Franken was asked what he could do to better Iowa and the country, and he pointed to fixing the nation’s immigration system. Tama and Marshall counties in particular are both home to large immigrant populations.

“The biggest issue in Iowa is immigration. Every cooperation I go to, every farmer, every milking operation, and seamstresses needs people. And we are shedding young people out of Iowa, some of that has to do with a wage scale that’s available, some of it has to do with the quality of life, some of it has to do with the thought process of being an affront to say young women, some of it has to do with the anxiety-ridden aspects of working here but also cost of education and opportunities,” Franken said. “We’ve got to back that up with other policies. [In] 2013, we had a decent immigration plan, and we didn’t come to fruition on it. We didn’t close the deal on it, and we haven’t yet. We need to ensure that we have a flow of people in here to help us build up [Iowa] industry.”

Franken met with a traditional Republican couple who run one of the largest private manufacturing companies in Iowa, who said, “We’re going with you because we know the Republicans will not give us an immigration plan. They’ll use that as a club to hammer Democrats and the issues that don’t exist on the southern board but say they do. Our business, we are going to move our expansion to South Carolina and elsewhere because they’ve got jobs, and [Iowa] doesn’t. They’ve got young people. We don’t. They’re a more concentrated area. We can bring people in, and we just can’t do that in Iowa.”

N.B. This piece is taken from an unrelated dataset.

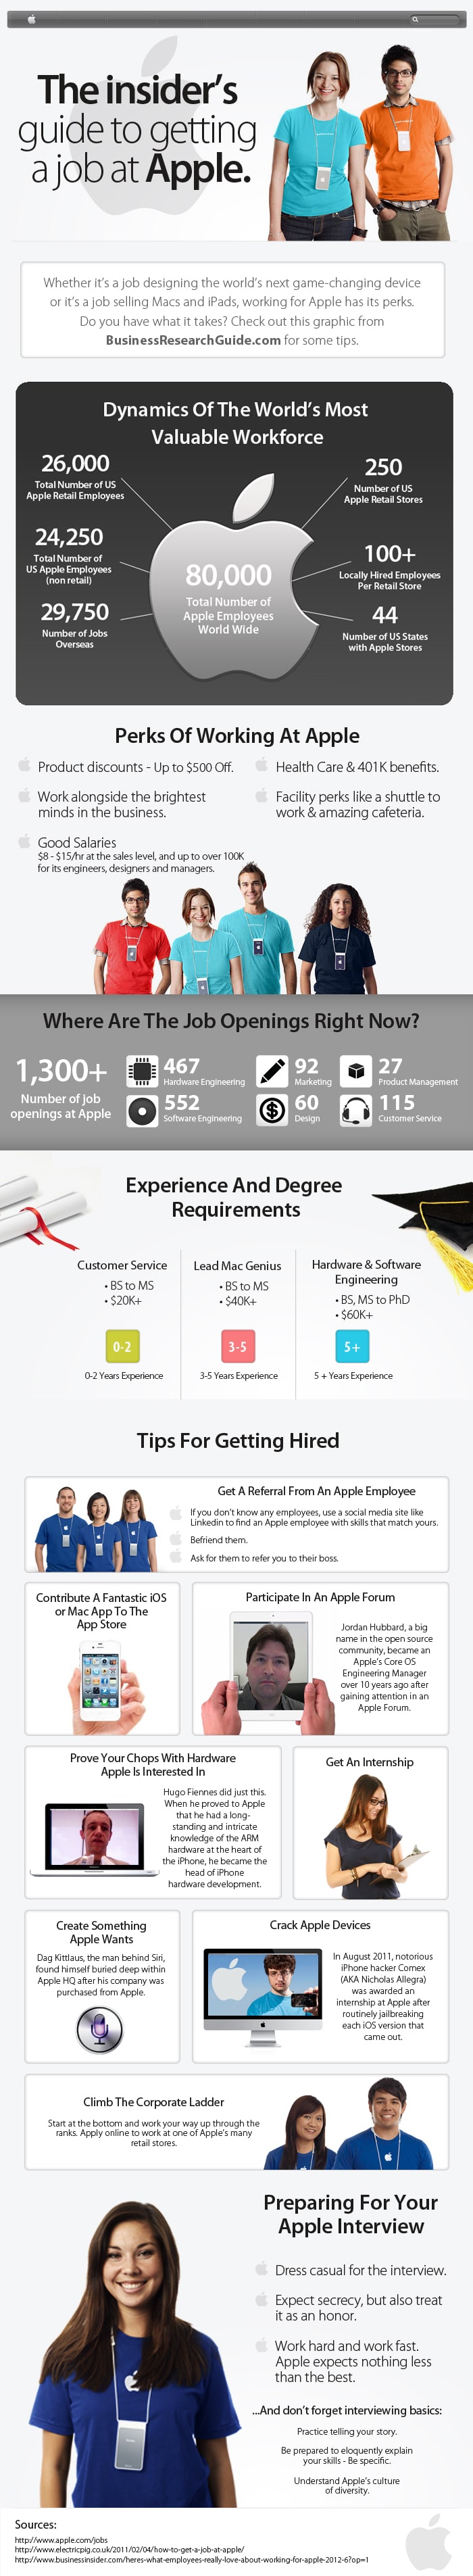 How To Get A Job At Apple: An Insider’s Guide [Infographic]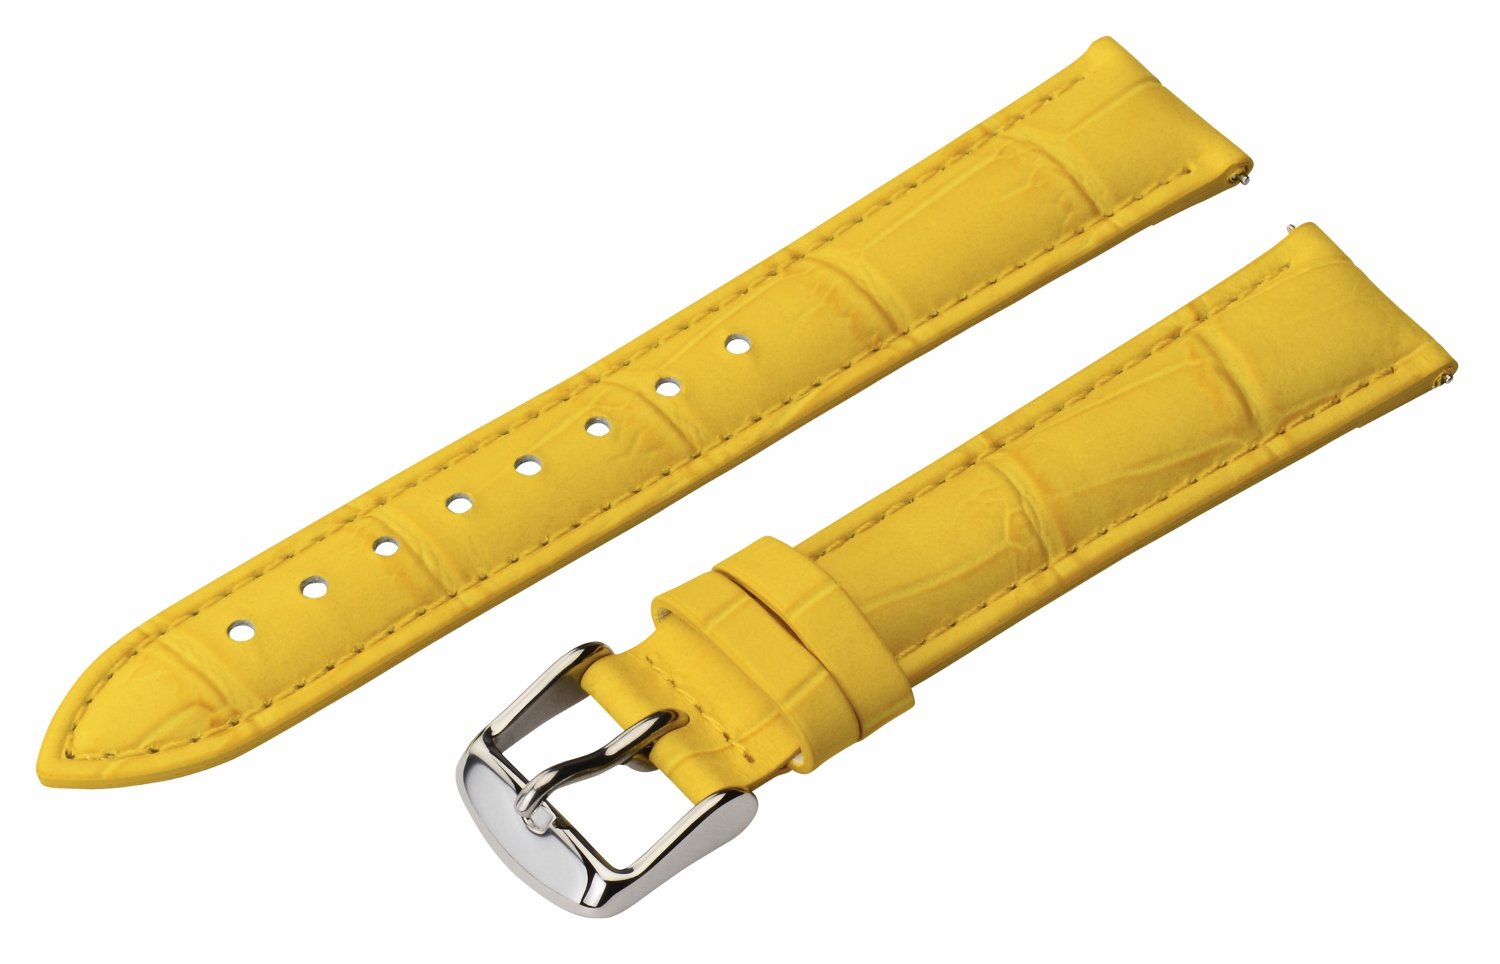 Clockwork Synergy - 2 Piece Ss Leather Classic Croco Grain Interchangeable Replacement Watch Band Strap 13mm - Solid Yellow - Men Women

Franken touted Iowa’s renewable energy capabilities as an opportunity to bring more people to the state and blaze a trail for the future.

“Iowa has a great situation here with our wind, the potential for solar and ethanol to have the cheapest energy grid in the nation, right here, which will be beneficial for the enhancement of businesses. In Iowa, we can do this. We just haven’t leaned into the problem,” he said.

Franken’s campaign motto reads “Country over party, people over politics. We need to come together. We need to think more clearly. And as the senior most military officer to ever run for the U.S. Senate, I think I offer an interesting perspective in the shadow of Jan. 6.”

And in summing up why he’s chosen to get involved in politics, Franken, who first ran for the U.S. Senate in 2020 but lost a Democratic primary to Theresa Greenfield (who ultimately lost to Iowa’s other GOP incumbent, Joni Ernst) — once again recalled his own service to his country.

“I believe you shouldn’t have just an overwhelming desire to be a senator. You have to view it somewhat as a duty,” he said. “It’s a good thing to have a long history [in the military and government] and to have a resume to match — although there’s an allure to go to South Padre Island at my age to play pickleball, but there’s nothing more important than doing this.”